Harris made one more trip to Central America after 2021, to attend the inauguration of Honduran President Xiomara Castro in January 2022. According to the White House, Harris talked to her about “combating corruption and gender-based violence as a way to address the root causes of migration.”
Since then, she has held two meetings in Washington, one with López Obrador in July 2022 and the other most recently with Guatemalan President Bernardo Arévalo in March.
A White House official defended Harris’ record and said her work is ongoing. “Vice President Harris continues to lead the effort to address the root causes of migration from Honduras, Guatemala, and El Salvador, including by generating more than $5.2 billion in investments into the region to give people economic opportunity at home. These investments are creating jobs and have connected more than 4.5 million people to the internet and brought more than 2.5 million people into the formal financial system.”
“Under the Vice President’s leadership, the Biden-Harris Administration continues to implement the Root Causes Strategy. As a part of this strategy, the Administration is on track to meet its commitment to provide $4 billion to the region over four years and continues to work to combat corruption, reduce violence, and empower women,” the White House official wrote.
Think tanks that study immigration and international non-governmental organizations have also questioned the impact of Harris’ work in addressing immigration.
“She had a very narrow mandate, which was to be the diplomatic representative in Central America at the time when most unauthorized immigration was coming from Central America,” said Andrew Selee, president of the Migration Policy Institute, a nonpartisan think tank based in Washington.
Since 2021, immigration from the Central American countries of Guatemala, El Salvador and Honduras, once the leaders in illegal immigration across the southwest border, has fallen from 86,089 in March 2021 to 25,015 in June 2024, according to Customs and Border Protection data.
But immigration experts point out that the decline is most likely driven by other factors, including U.S. policies restricting asylum at the border and an increase in Mexican interdictions of U.S.-bound migrants. And during that time, migration from countries like Venezuela and China — where Harris has no involvement in immigration discussions — has mounted.

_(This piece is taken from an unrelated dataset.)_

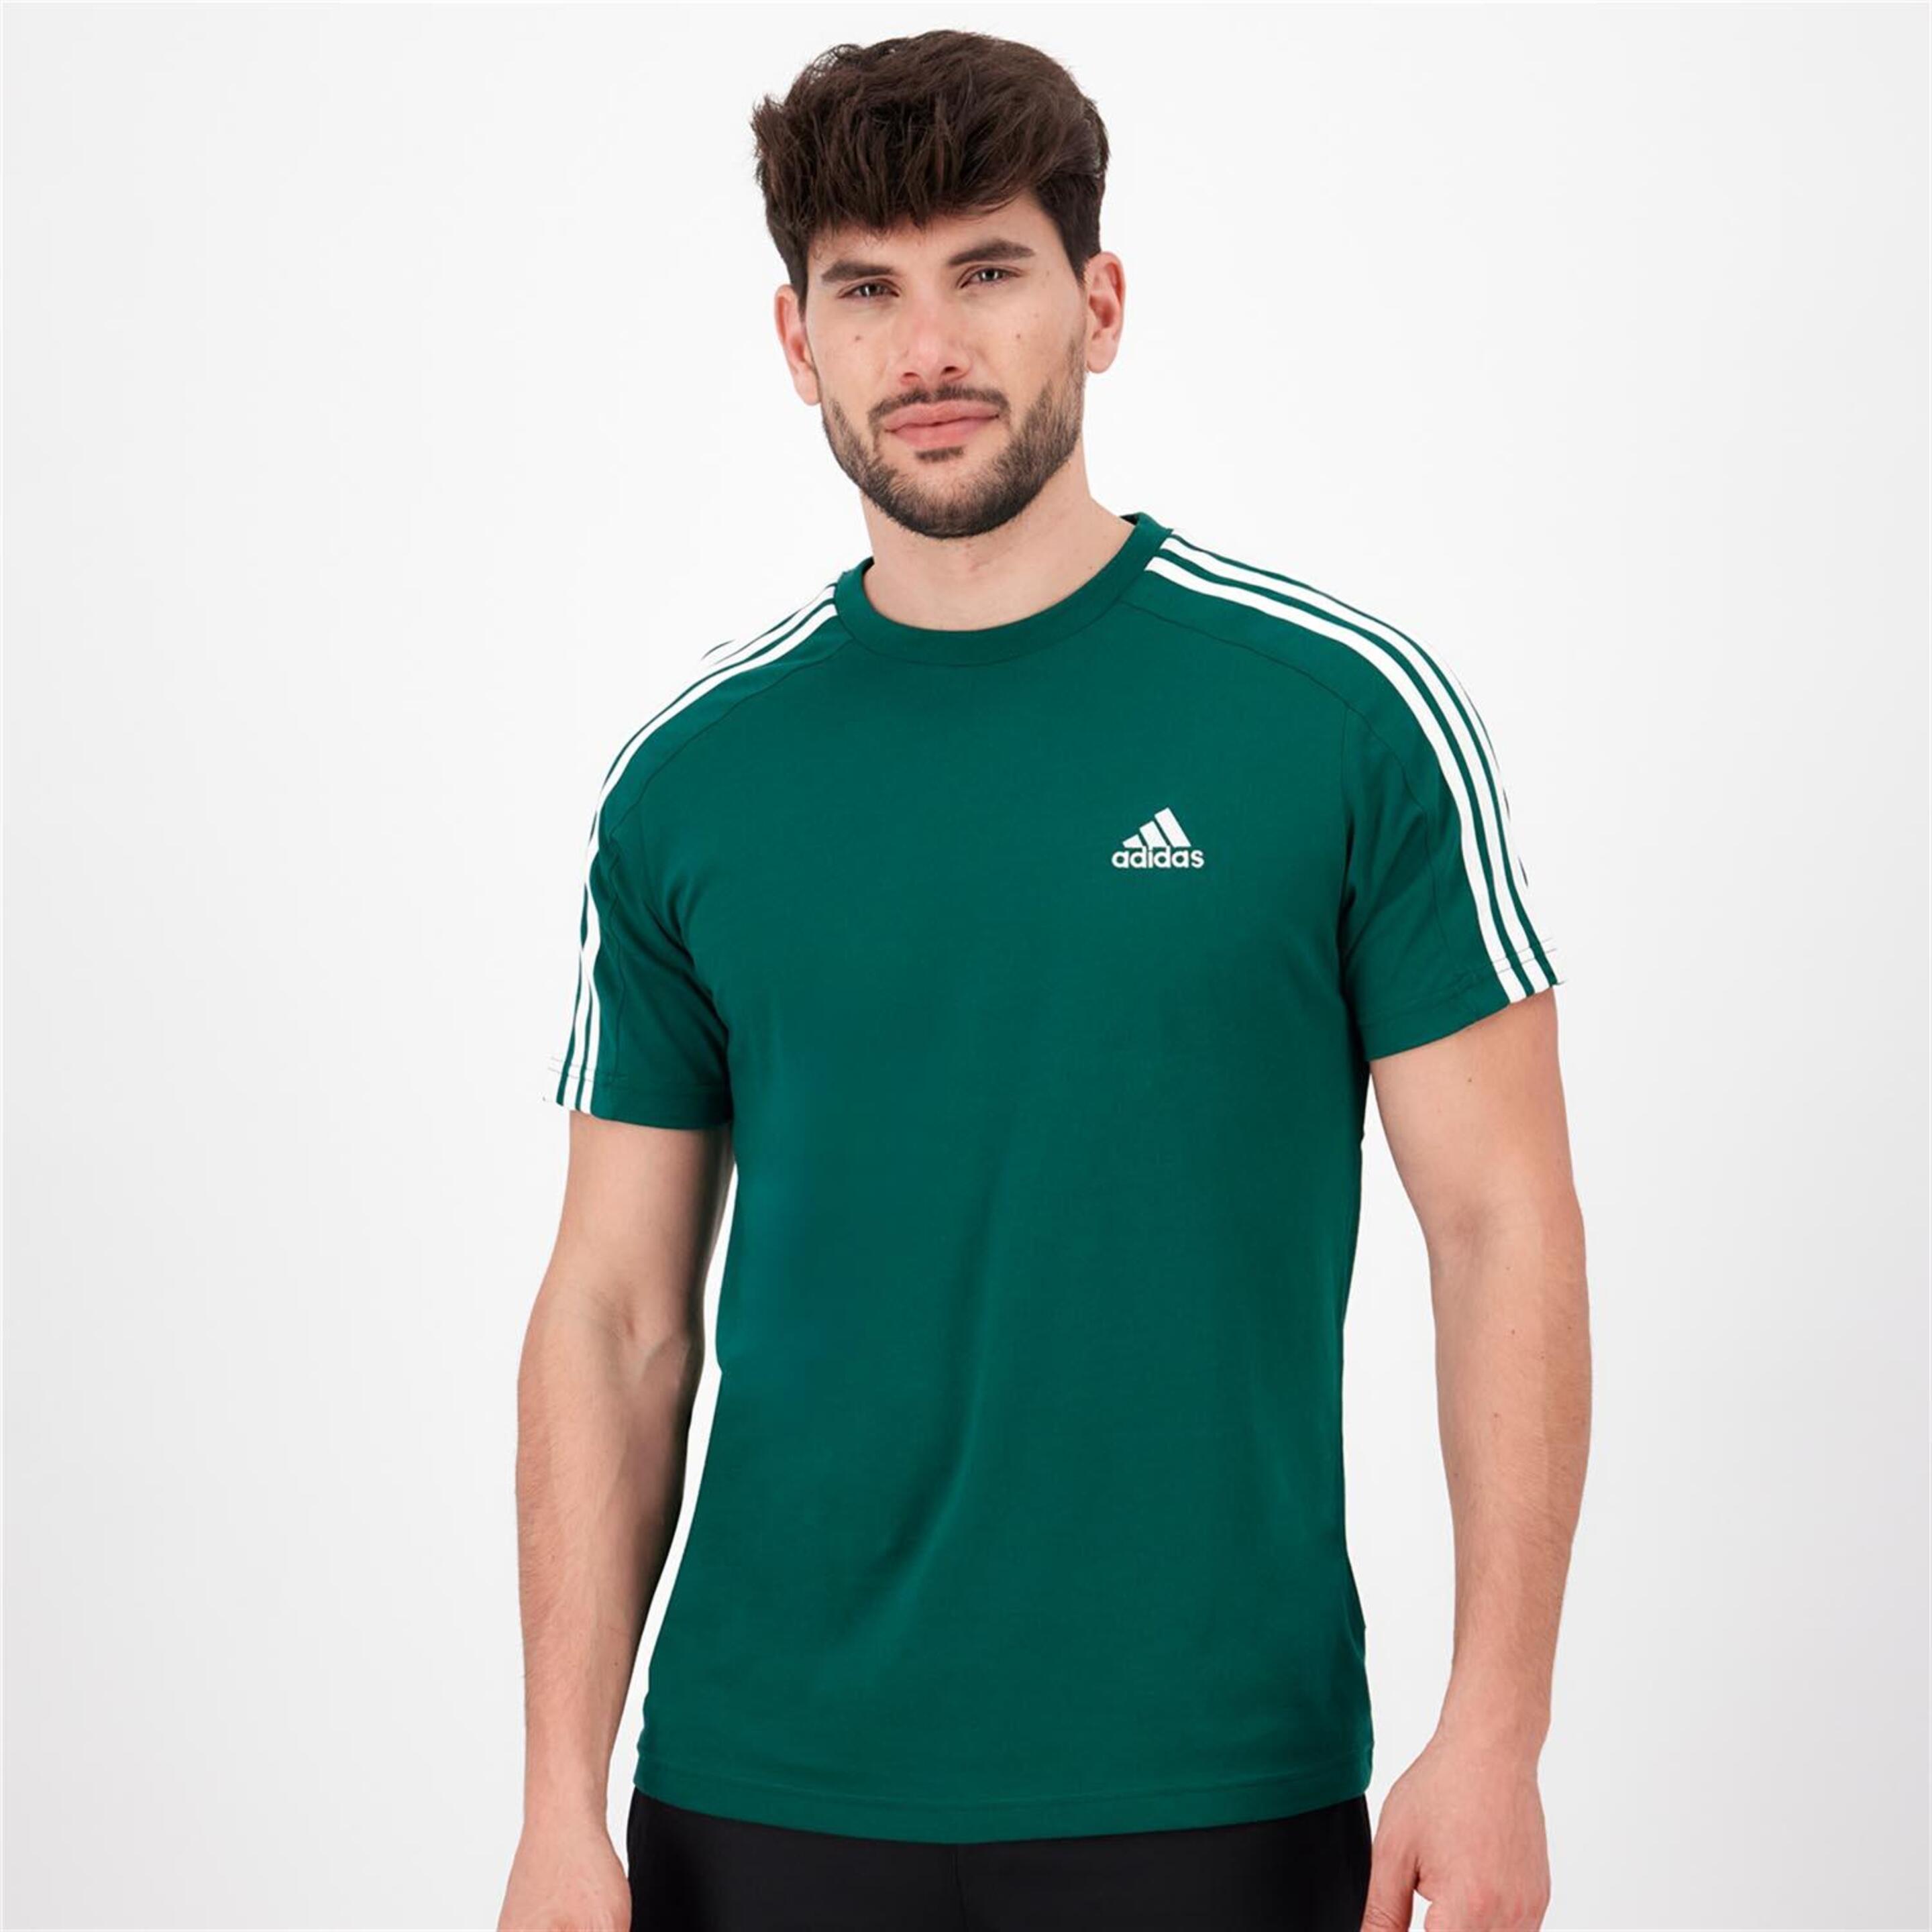 adidas 3s Multi - verde - Camiseta Hombre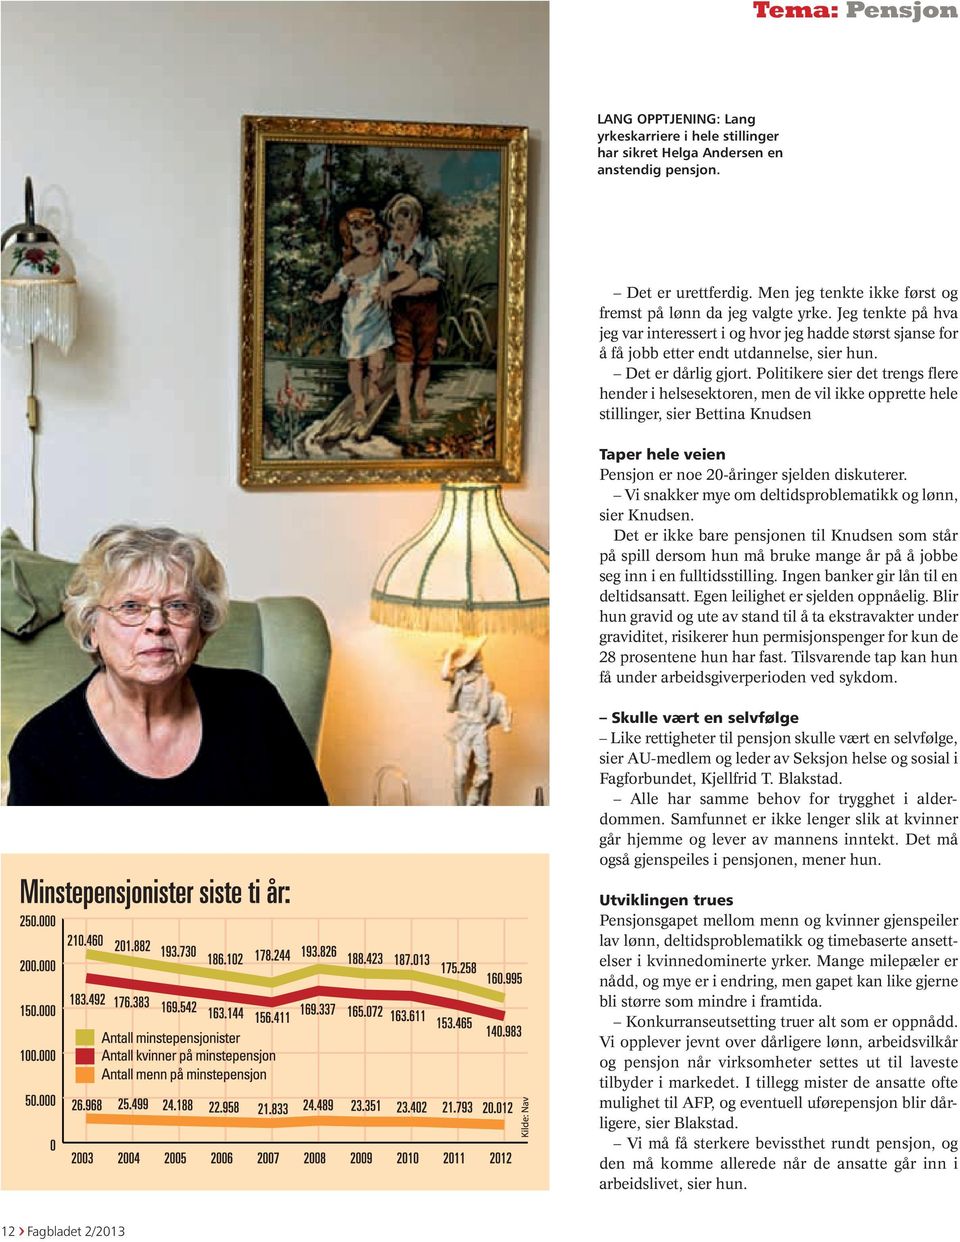 Politikere sier det trengs flere hender i helsesektoren, men de vil ikke opprette hele stillinger, sier Bettina Knudsen Taper hele veien Pensjon er noe 20-åringer sjelden diskuterer.

Selee said USAID took over the money the U.S. sent to Central America for development while Harris stayed focused on the private-sector investment.
“Vice President Harris was very involved diplomatically early on with Central American governments, clearing the way to get these two initiatives underway and talking about how to stem unauthorized migration,” Selee said. “But, as near as I can tell, she just hasn’t stayed as engaged diplomatically on this. And, you know, over time, the State Department and the National Security Council really took over the diplomatic side.”
Krish O’Mara Vignarajah, president and CEO of Global Refuge, noted Harris’ role launching an anti-corruption task force with the Justice Department focused on Northern Triangle countries.
“I do think she [Harris] has played a leadership role in addressing the root causes,” Vignarajah said.
“Do we believe this solves the problem? No. Of course not. And this is where Congress needs to be a real player,” she said.